Thursday's New York Times crossword solved: December 3, 2020















My time: 10:01, five minutes faster than average.

Theme: UNLUCKY BREAK, which apparently means that in the three themed answers, the numeral "13" is replaced with the letter B.  I think this is because if you push the 1 and 3 together, they make a capital B?  But why that's an "unlucky break" I don't know.  It seems like it's an unlucky non-break.  That is, the B isn't yet "broken" into the 13.

Oh well.

"Modern lead-in to scrolling" is DOOM.  I only recently heard about this neologism.  DOOMscrolling means to constantly go through the horrible news onslaught that 2020 has been.

"To weep is to make less the depth of GRIEF" was said by Richard Plantagenet, the Duke of York, in Shakespeare's "King Henry VI, part 3."

Apparently the RED River of Texas was once part of the US/Mexico border, before the US took the Texas part.  It is now the borderline of Texas and Oklahoma.

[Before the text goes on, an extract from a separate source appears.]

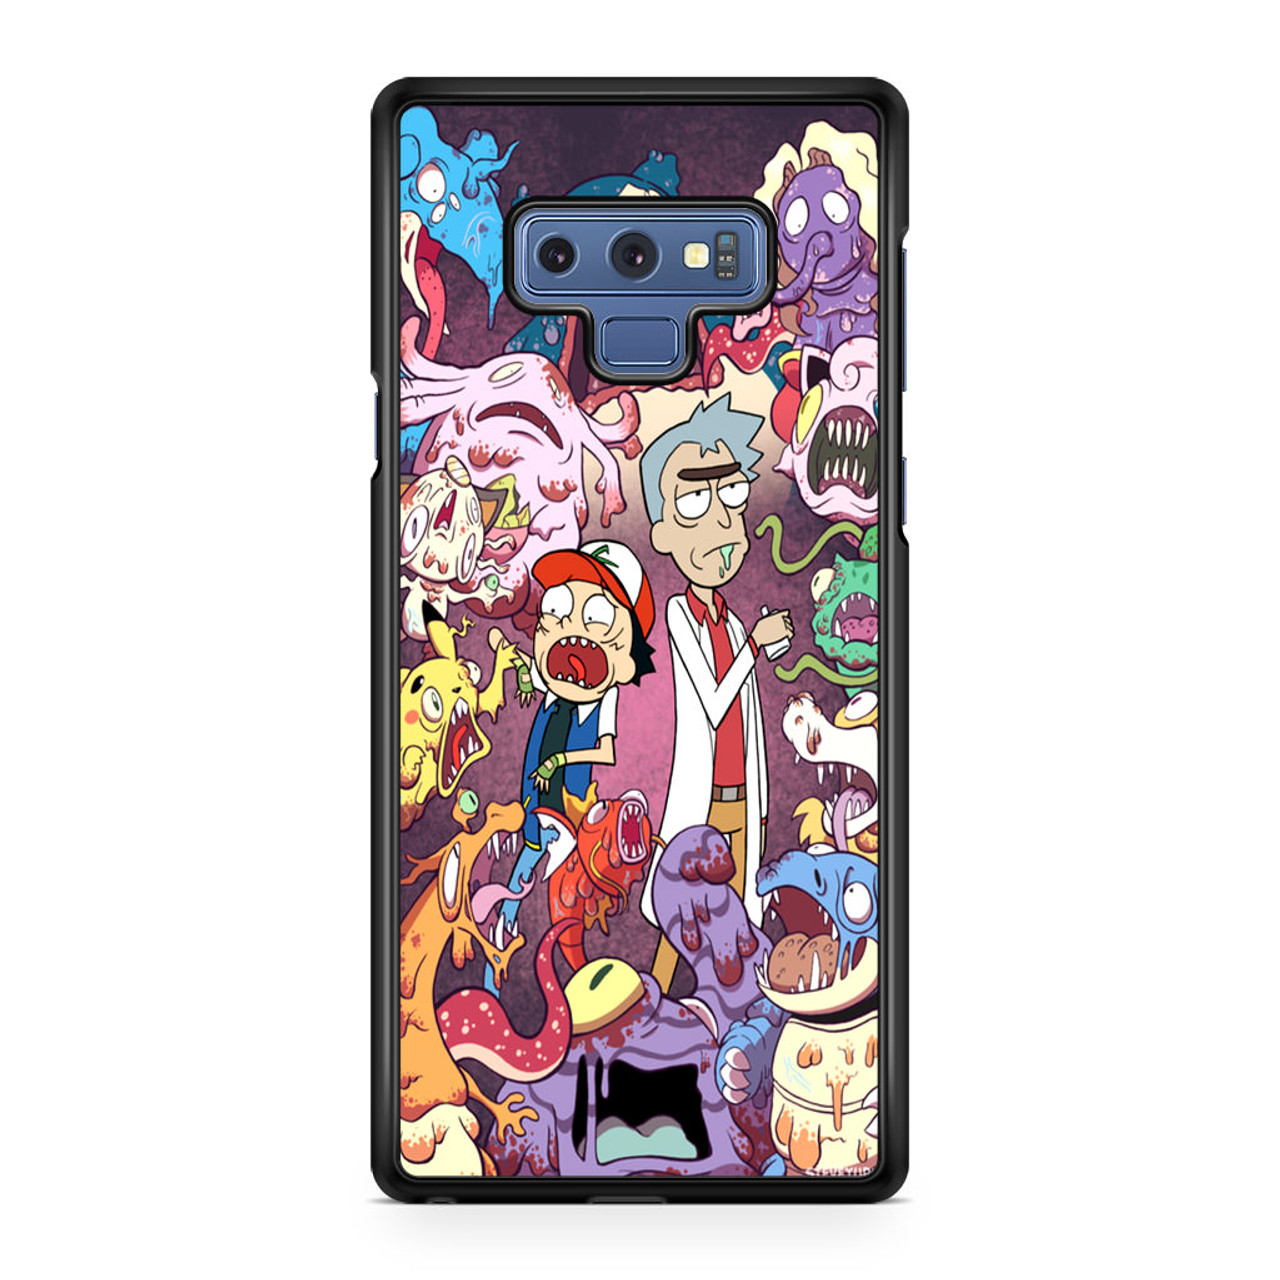 sale retailer 179e6 a552a Rick And Morty Pokemon1 Samsung Galaxy Note 9 Case

EZER Weizman was an Israeli Air Force general and the seventh president of Israel.

Did you know that the US Forest Service owns about 38% of IDAHO?  Ha ha, Idahoans think they're so independent but they're just a bunch of feds.

GIA Scala was an Italian-Amercian actress and model famous for The Guns of Navarone.

Finance and insurance company AIG (American International Group) appeared on August 26.  Today it's clued as "big co. in the 2008 financial meltdown."

I like "big joints" for BLUNTS and "busts" (as in broncos) for TAMES.

That's the end of this one.  I found it to be fairly easy for a Thursday, with a fun, if initially confusing, theme.  Why didn't they save it for a Friday the 13th?